-- Records for processing follows --
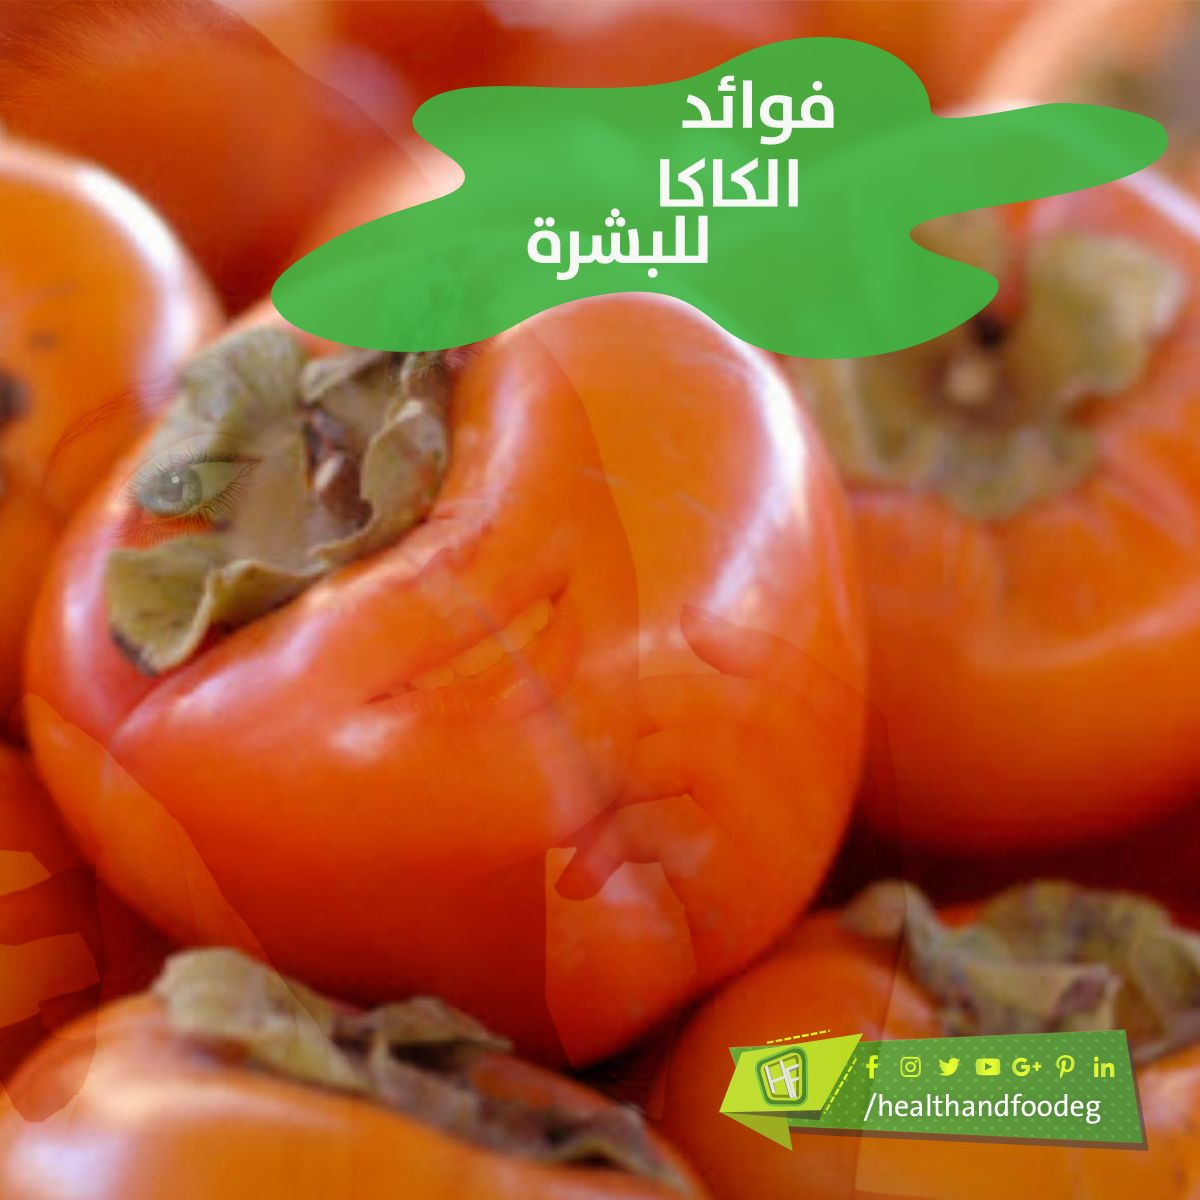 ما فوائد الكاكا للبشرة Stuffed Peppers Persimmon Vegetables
-- Records for processing concluded --
-- Records for processing follows --
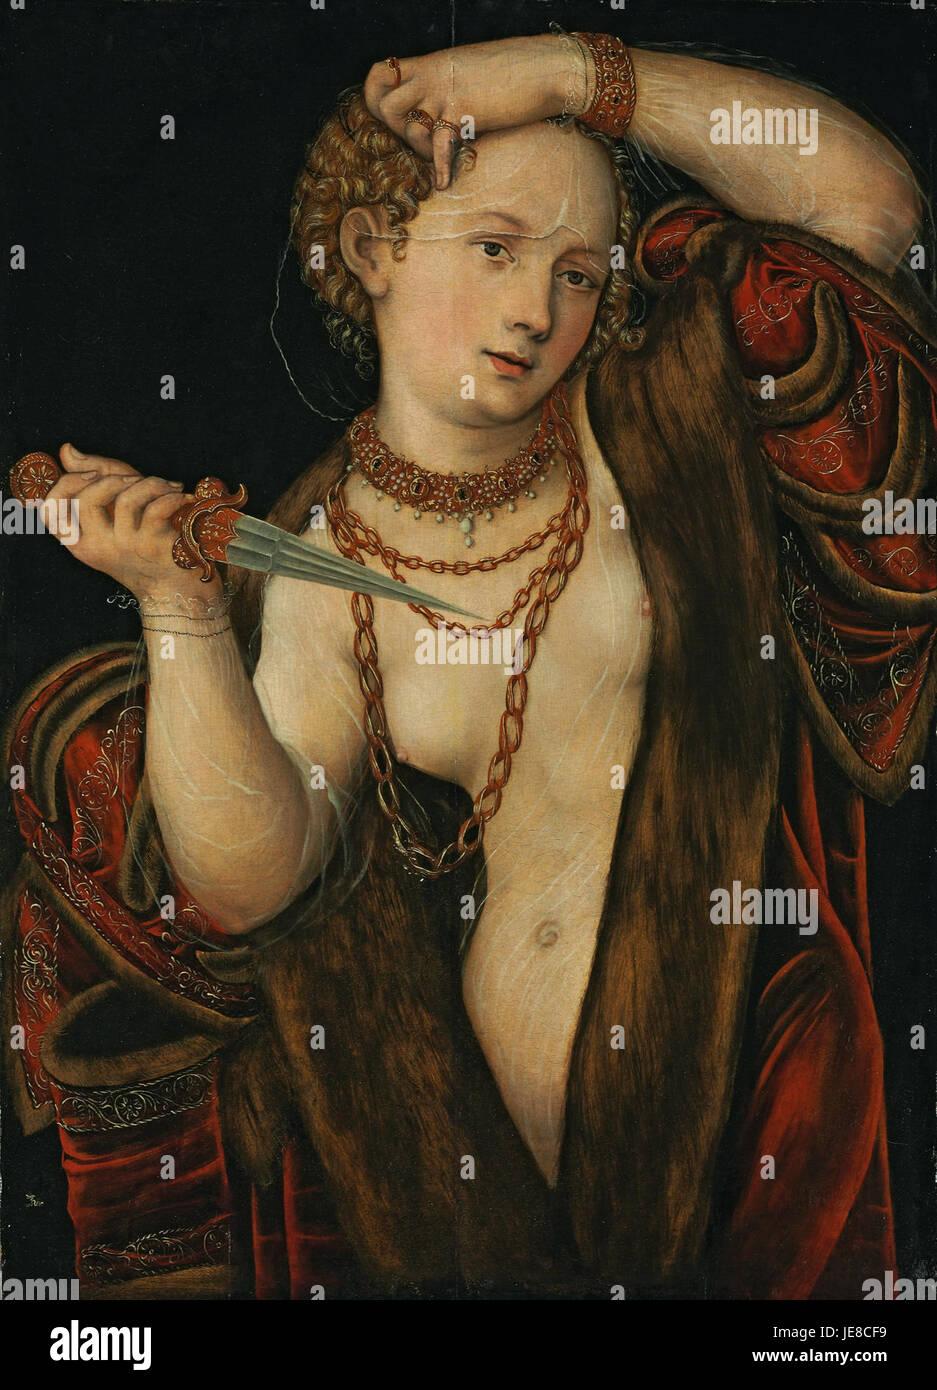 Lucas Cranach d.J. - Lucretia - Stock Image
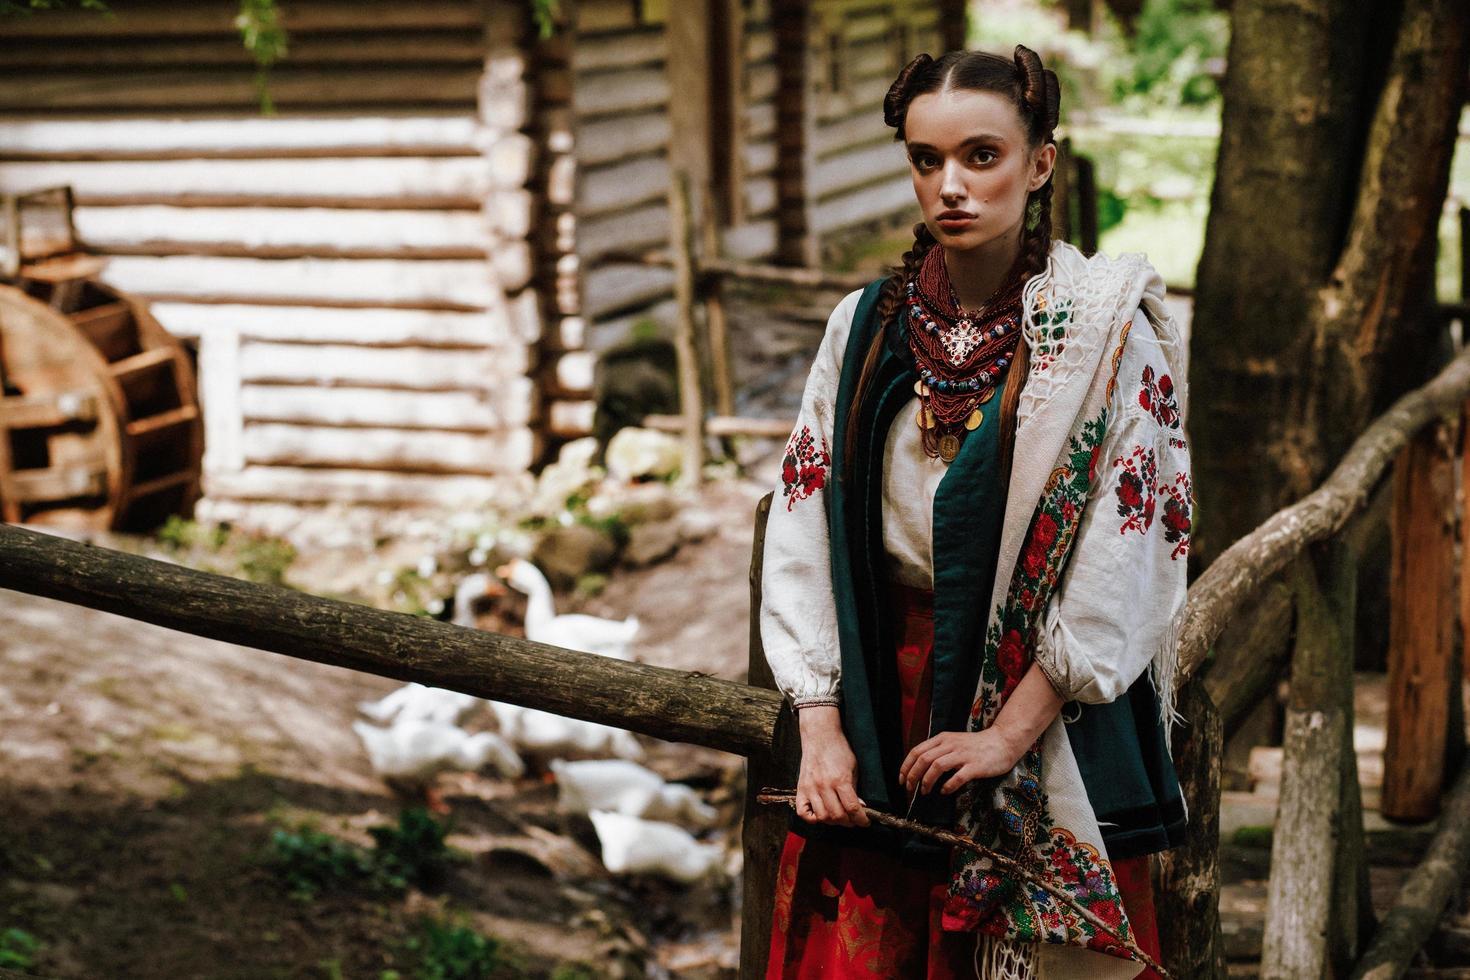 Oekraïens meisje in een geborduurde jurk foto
-- Records for processing concluded --
Look above for the line holding "Lucas Cranach d.J. - Lucretia - Stock Image" and output everything from it down to the line holding "Oekraïens meisje in", both ends included, exactly and without images.

 Lucas Cranach d.J. - Lucretia - Stock Image
 Oekraïens meisje in een geborduurde jurk foto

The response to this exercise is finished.